Fluorescence recovery after photobleaching is useful for examining intracellular molecular variables such as nuclear protein complex dynamics, diffusional mobility of membrane proteins, and cytoskeletal dynamics. FRAP is a powerful mode of fluorescence light microscopy in which a specialized illumination strategy is implemented in order to permit perturbation of the steady-state fluorescence distribution by bleaching fluorescence in selected regions of a sample. After the bleaching step, researchers can observe and analyze how the fluorescence distribution returns to the steady state. Because the photobleaching of fluorophores is permanent, changes in the fluorescence intensity in both the bleached and unbleached regions are attributable to the exchange of bleached and unbleached fluorescent molecules between those regions. FRAP microscopy is typically geared towards dynamic, lowlight endeavors.

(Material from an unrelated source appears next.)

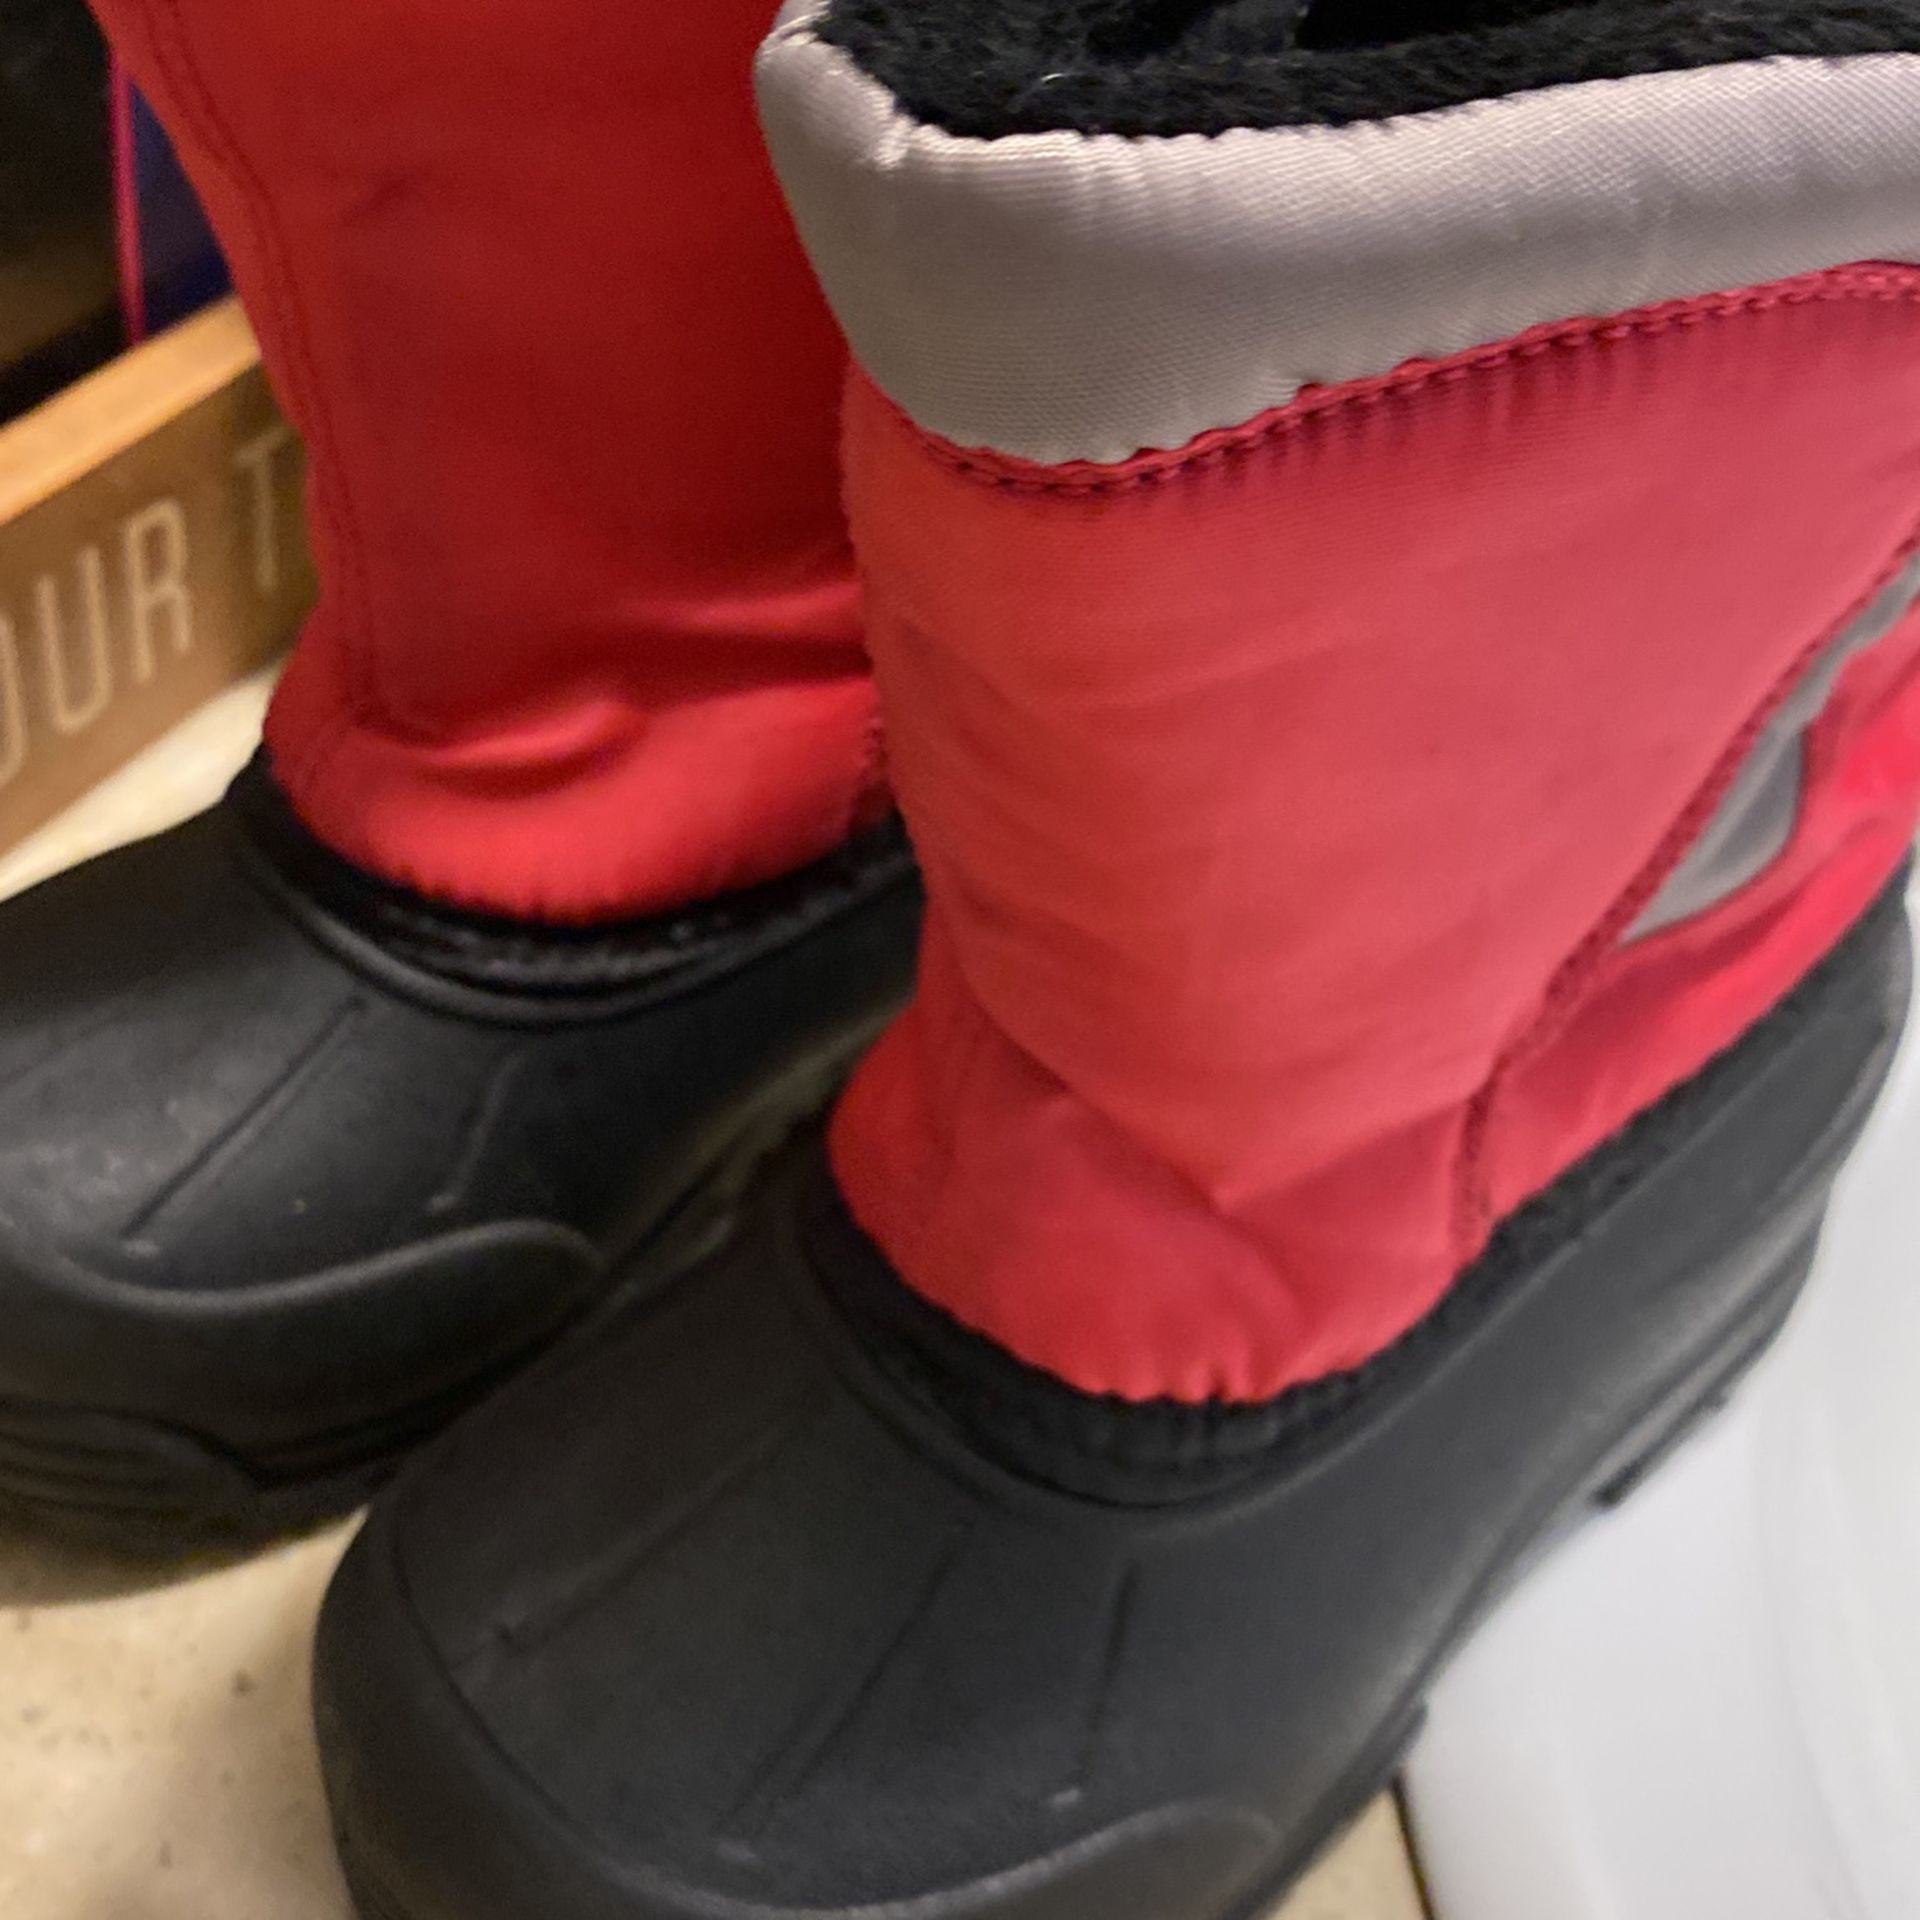 Great Boots For Kids Size 10 Used A Few Times They Are Like New!
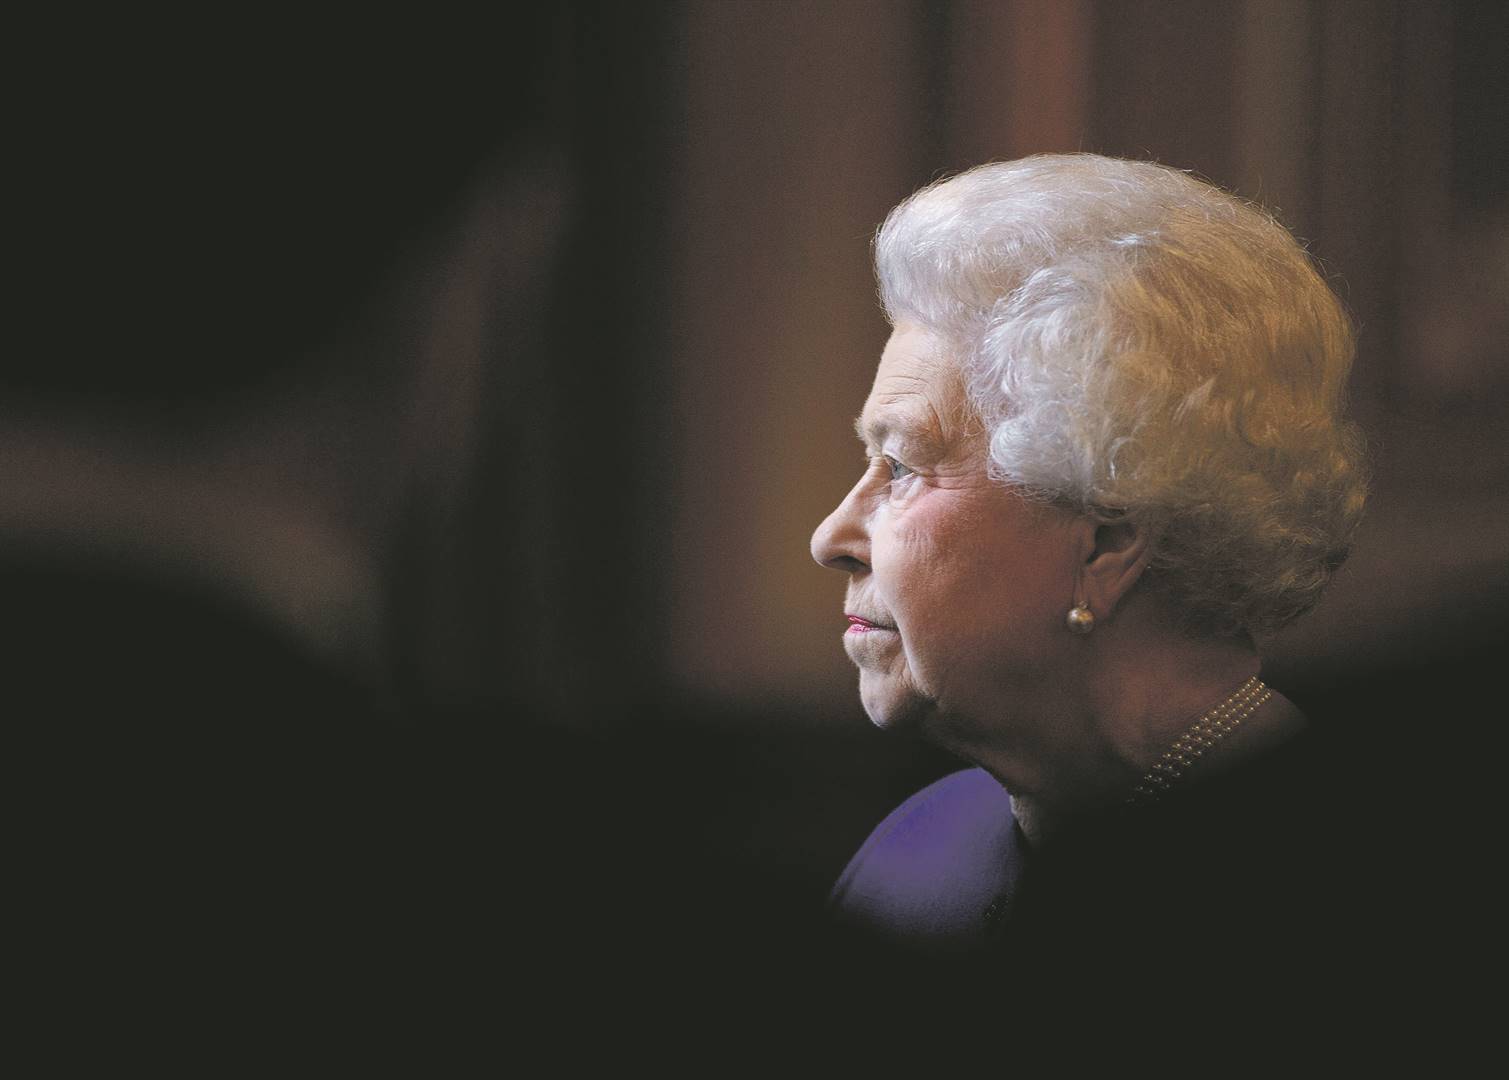 Queen Elizabeth II died on Thursday at the age of 96. Photo: Alastair Grant / reuters

Recently, MAG Biosystems introduced a widefield imaging system designed to study the intracellular dynamics of proteins and other macromolecular complexes via FRAP and iFRAP (inverse FRAP) experiments in 2D plus time and 3D plus time. Photoactivation and photo- conversion studies with fluorescent proteins such as PA-GFP, EOS, KFP, Kaede, and Dronpa can be performed. Several technological innovations, including Burst mode and a custom optical path, provide a combination of speed, sensitivity, and ease of use not found in other FRAP systems. When run in Burst mode, the delay between the end of the bleach pulse and the first recovery image is minimized, enabling fast dynamic analyses. The FRAP-3D system also lets researchers photobleach-on-the-fly by simply clicking within a live image display window to bleach the region appearing under the cursor. FRAP-3D includes a galvanometerbased FRAP head, an advanced laser launch module, high-speed I/O circuitry to control all system components, acquisition and analysis software with an intuitive graphical user interface (GUI), and a configured workstation. The head can be mounted to many inverted microscopes through the epi-illumination port in order to enable simultaneous laser and widefield illumination. A versatile optical design allows researchers to switch seamlessly between FRAP studies and standard widefield applications without reconfiguring the system's hardware. To meet user-specific quantum efficiency, spatial resolution, and frame rate requirements, the FRAP-3D system utilizes high-performance quantitative CCD and EMCCD cameras from Photometrics. To ensure the utmost instrumentation utility, FRAP-3D allows future upgrades for spinning-disk confocal microscopy and other imaging modalities.